Restate the last part of the records below word for word, beginning at the line with "Открытка с днем" and ending at the final line.

Records contained in a dataset
%%
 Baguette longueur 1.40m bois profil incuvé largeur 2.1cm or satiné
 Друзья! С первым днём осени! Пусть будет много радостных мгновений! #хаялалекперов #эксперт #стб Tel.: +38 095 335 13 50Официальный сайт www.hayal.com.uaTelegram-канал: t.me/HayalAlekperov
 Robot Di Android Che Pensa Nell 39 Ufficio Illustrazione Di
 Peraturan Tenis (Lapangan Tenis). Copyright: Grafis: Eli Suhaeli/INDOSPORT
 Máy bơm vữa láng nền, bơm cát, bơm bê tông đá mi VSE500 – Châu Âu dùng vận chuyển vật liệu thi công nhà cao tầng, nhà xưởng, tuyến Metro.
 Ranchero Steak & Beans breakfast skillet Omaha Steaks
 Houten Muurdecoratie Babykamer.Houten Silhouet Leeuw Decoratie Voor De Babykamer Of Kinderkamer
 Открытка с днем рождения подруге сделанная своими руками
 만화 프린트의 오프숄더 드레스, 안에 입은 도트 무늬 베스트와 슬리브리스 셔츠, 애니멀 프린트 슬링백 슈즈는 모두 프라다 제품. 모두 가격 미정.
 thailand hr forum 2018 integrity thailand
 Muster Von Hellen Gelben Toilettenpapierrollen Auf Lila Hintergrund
%%
**Answer to this task**
 Открытка с днем рождения подруге сделанная своими руками
 만화 프린트의 오프숄더 드레스, 안에 입은 도트 무늬 베스트와 슬리브리스 셔츠, 애니멀 프린트 슬링백 슈즈는 모두 프라다 제품. 모두 가격 미정.
 thailand hr forum 2018 integrity thailand
 Muster Von Hellen Gelben Toilettenpapierrollen Auf Lila Hintergrund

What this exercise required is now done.